7. Treasurer: The Treasurer shall make payments where necessary upon approval and direction of the President for all proper obligations of the Region, which payments shall be made promptly so as not to adversely affect the credit of the Region. He shall prepare a preliminary annual financial statement and submit the same to the President within thirty (30) days after the end of each fiscal year. He shall also prepare a final annual financial statement and submit the same to the President before the last day of the calendar year in which each fiscal year ends. He shall maintain a checking account in the name of the Region in addition to any additional accounts authorized by the Region. All receipts of the Region shall be deposited in said account(s) and all disbursements shall be made by check or electronic transfer from said account(s). The Treasurer and the President (and Assistant Treasurer, if there is one) are authorized for withdrawals, issuance of checks, and electronic transfers. He shall also provide such financial information about the Region as the FJMC Treasurer may request. He shall, annually, prepare a budget, to be approved by the Board, prior to the start of each fiscal year.

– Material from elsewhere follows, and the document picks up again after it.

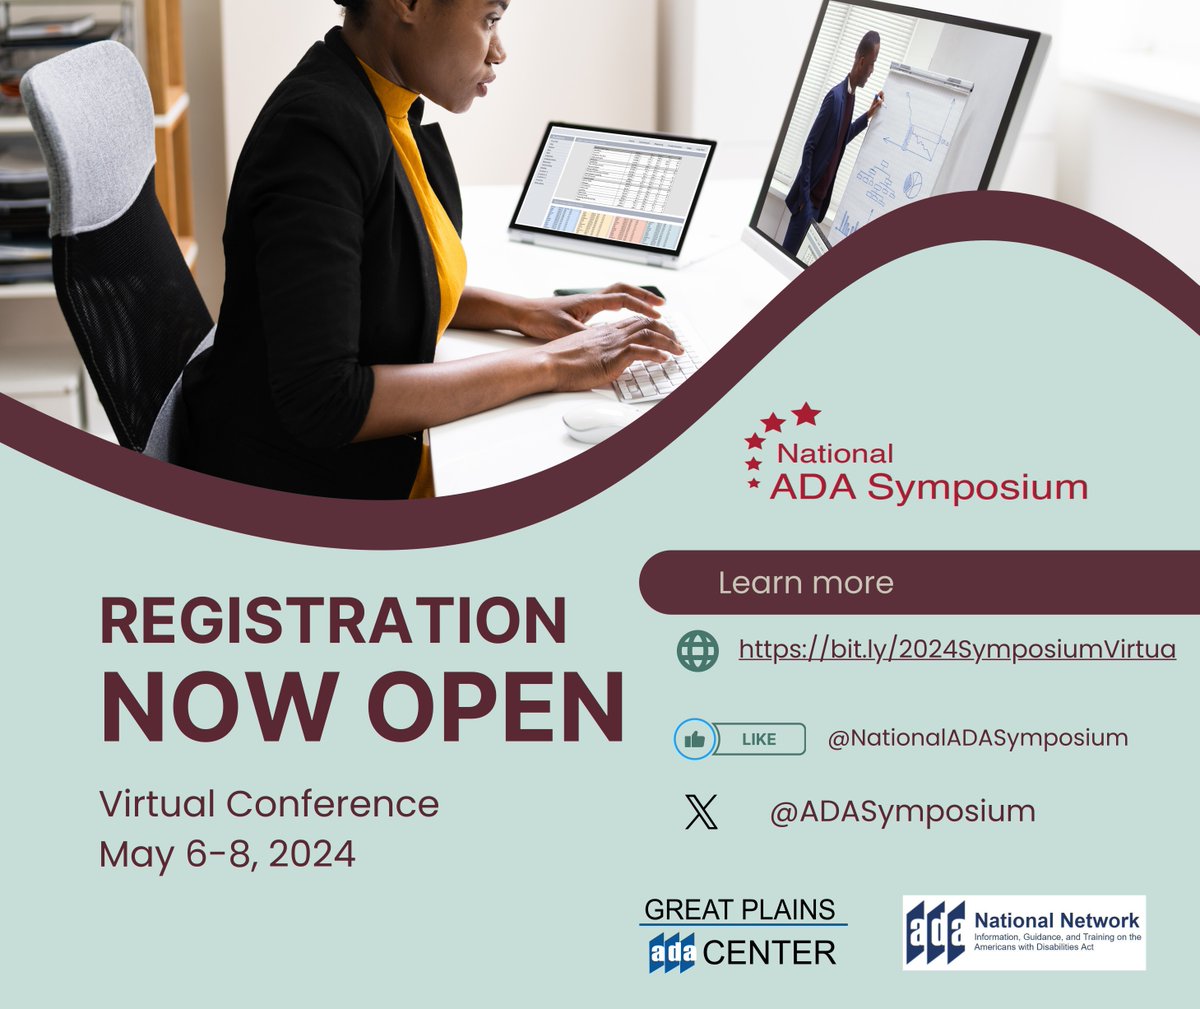 (1/2) This year's virtual National ADA Symposium is right around the corner! This conference is from May 6-8, 2024. This three-day training event offers 36 sessions covering all areas of the Americans with Disabilities Act (ADA) presented by nationally recognized experts.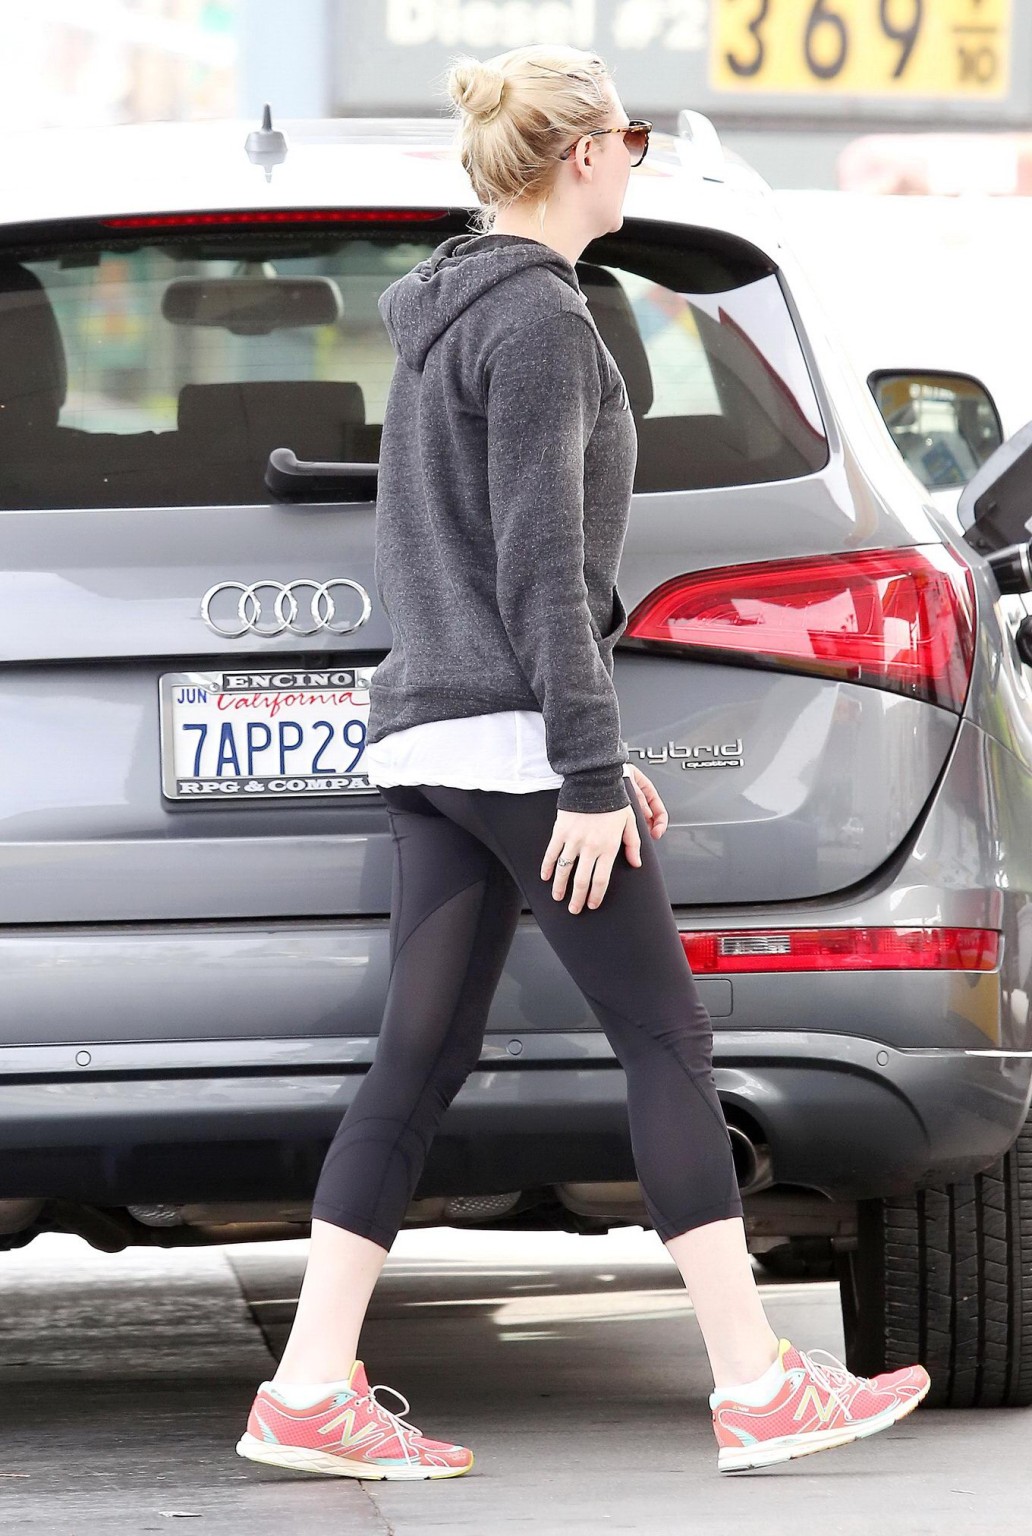 Kirsten Dunst shows off her ass in black tights while pumping gas in LA #75177385

The budget shall be a proposed budget for the new fiscal year, and a draft budget for the following year. If there is an Assistant Treasurer, the Treasurer shall designate those of his duties to the Assistant Treasurer as the Treasurer deems appropriate. In case no budget is presented in a timely manner the draft budget created the prior year will be considered in effect.
ARTICLE VII. VACANCIES AND ASSISTANT OFFICERS
A. In the event that the office of President should be vacated, the Executive Vice President will assume that position and shall serve as President for the unfulfilled term until the next election. The new President will appoint one of the remaining Vice-Presidents, with the approval of the Board, to serve as Executive Vice President until the next election. In the event that the office of Executive Vice President should be vacated, the President will appoint one of the Vice-Presidents, with the approval of the Board, to serve as Executive Vice President until the next election.
B. In the event that any office other than the President and Executive Vice President should be vacated, the President, with the approval of the Board, may appoint a member in good standing from one of the Members to serve the unexpired term of the vacated office.
C. If the President deems it advisable and the office is unoccupied, he may appoint an Assistant Communications Secretary, an Assistant Recording Secretary, an Assistant Treasurer and/or an Assistant Financial Secretary, subject to approval of a majority of the Board.
ARTICLE VIII. PARLIAMENTARIAN
A. The President shall appoint a Region Parliamentarian. The Parliamentarian shall be knowledgeable on procedures described in Robert’s Rules of Order. The Parliamentarian shall be well-versed in these Region By-laws.
B. The Parliamentarian shall advise the presiding officer at Board meetings and meetings of the Region’s members on points of order, appeals, and parliamentary inquiries during such meetings.
C. The Parliamentarian shall advise the presiding officer at Board meetings and meetings of the Region’s members on rules of the Region described in these By-laws.
D. The Parliamentarian may be called upon by the President and the Executive Committee to Chair a By-laws Review Committee.
ARTICLE VIX. BOARD OF DIRECTORS
A. The Board of Directors (the “Board”) shall consist of the President, the Executive Vice President, each of the Vice-Presidents, the Communications Secretary, the Recording Secretary, the Treasurer, the Financial Secretary, the Assistant Communications Secretary, the Assistant Recording Secretary, the Assistant Treasurer and the Assistant Financial Secretary (to the extent these Assistant posts have been filled), the General Members and all Past Presidents provided that each Past President remains an FJMC member in good standing. All Board members shall be entitled to vote on all issues coming before the Board. If a Past President misses more than three consecutive Board meetings, he shall no longer be entitled to vote at Board meetings, though he still remains a member of the Board. Thereafter, if a non-voting Past President attends three consecutive Board meetings, he will then regain Board voting privileges.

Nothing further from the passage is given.